WFBA
- Kulpmont, Pennsylvania; United States;
- Broadcast area: Shamokin/Frackville
- Frequency: 90.5 MHz
- Branding: Wonderful Faith Bible Ministries 90.1 & 90.5 FM

Programming
- Language: English
- Format: Southern Gospel

Ownership
- Owner: Beaver Springs Faith Baptist Church, Inc.
- Sister stations: WFBM, WFBV

History
- First air date: January 2012
- Call sign meaning: Wonderful Faith Bible Ministries

Technical information
- Licensing authority: FCC
- Facility ID: 171604
- Class: A
- ERP: 1,000 watts
- HAAT: 183 meters (600 ft)
- Transmitter coordinates: 40°47′32″N 76°23′6″W﻿ / ﻿40.79222°N 76.38500°W

Links
- Public license information: Public file; LMS;
- Website: www.wfbmradio.com

= WFBA =

WFBA (90.5 FM) is an American non-commercial educational radio station licensed to serve the community of Kulpmont, Pennsylvania and the larger surrounding communities of Shamokin and Frackville. The station's broadcast license is held by Beaver Springs Faith Baptist Church, Inc.

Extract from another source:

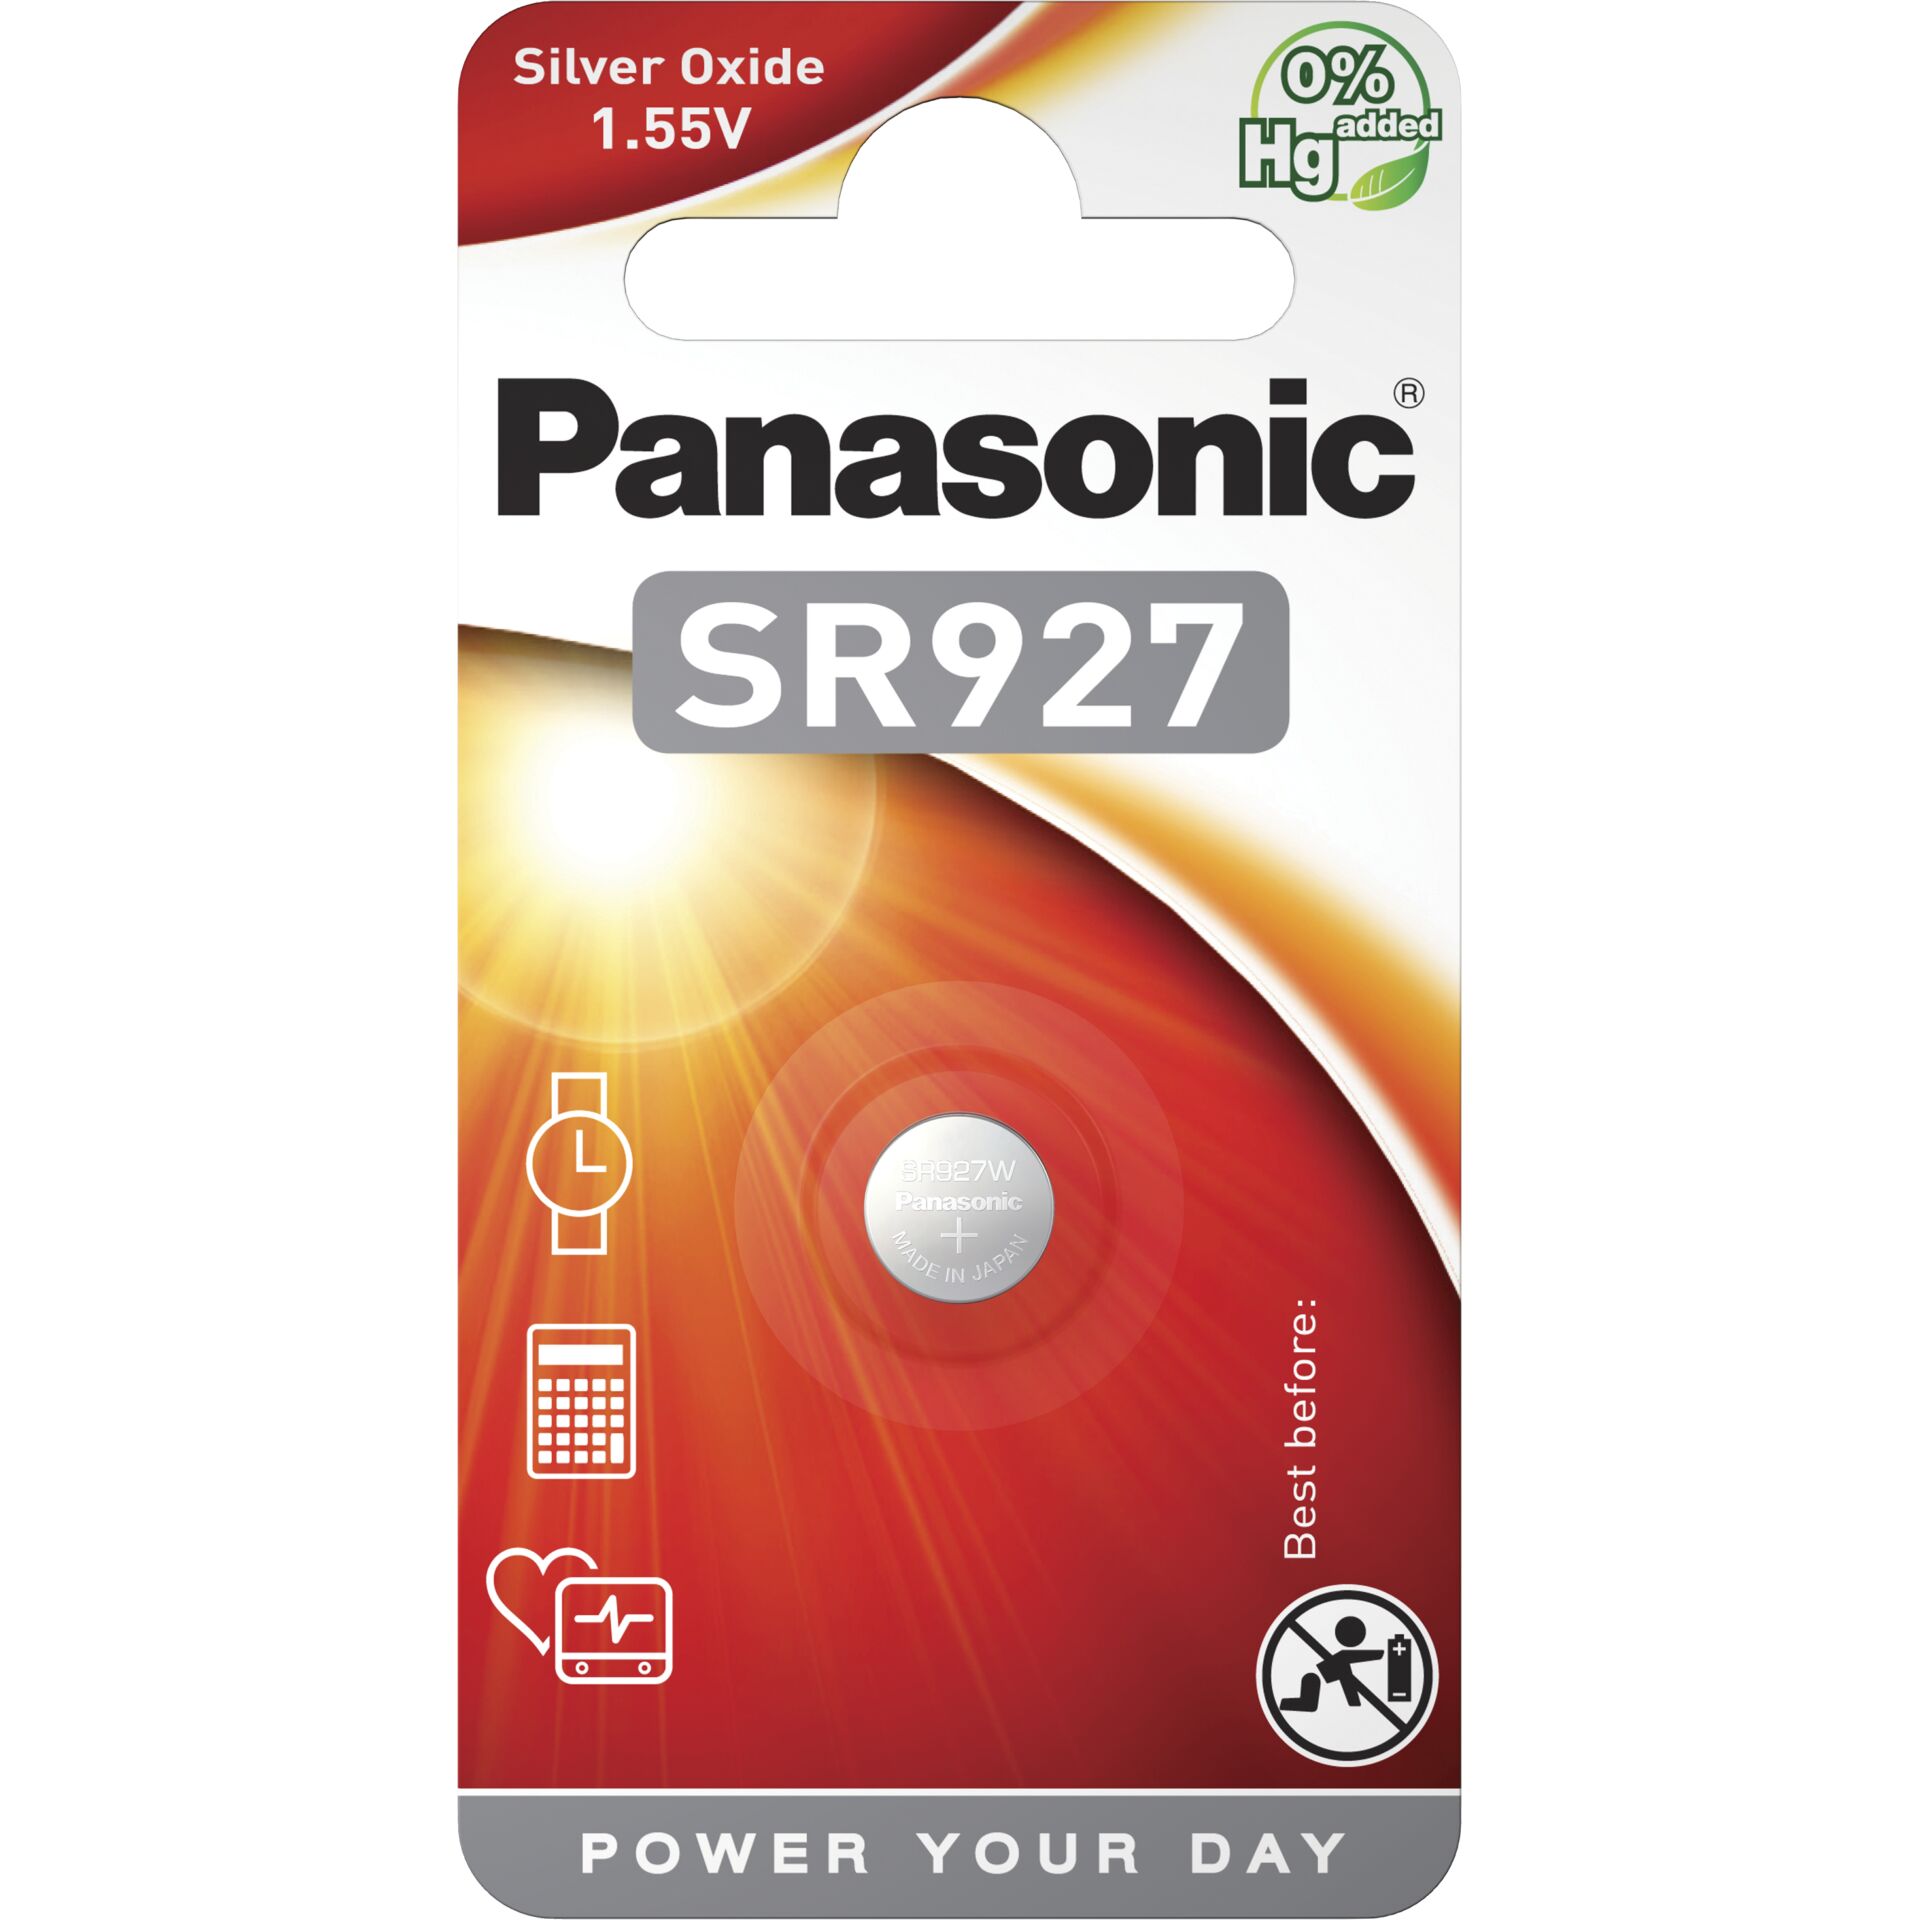 Panasonic SR-927 EL

WFBA broadcasts a Southern Gospel music format. It is part of a simulcast with 90.5 WFBM of Beaver Springs and 90.1 WFBV of Selinsgrove.

==History==
WFBA 90.5 FM first applied to the U.S. Federal Communications Commission (FCC) for a construction permit in 2009 and it was granted in 2010 to the Apostolic Faith Network, Inc. On August 9, 2013 it was transferred to Beaver Springs Faith Baptist Church, Inc. WFBA was officially assigned its call sign on July 13, 2011.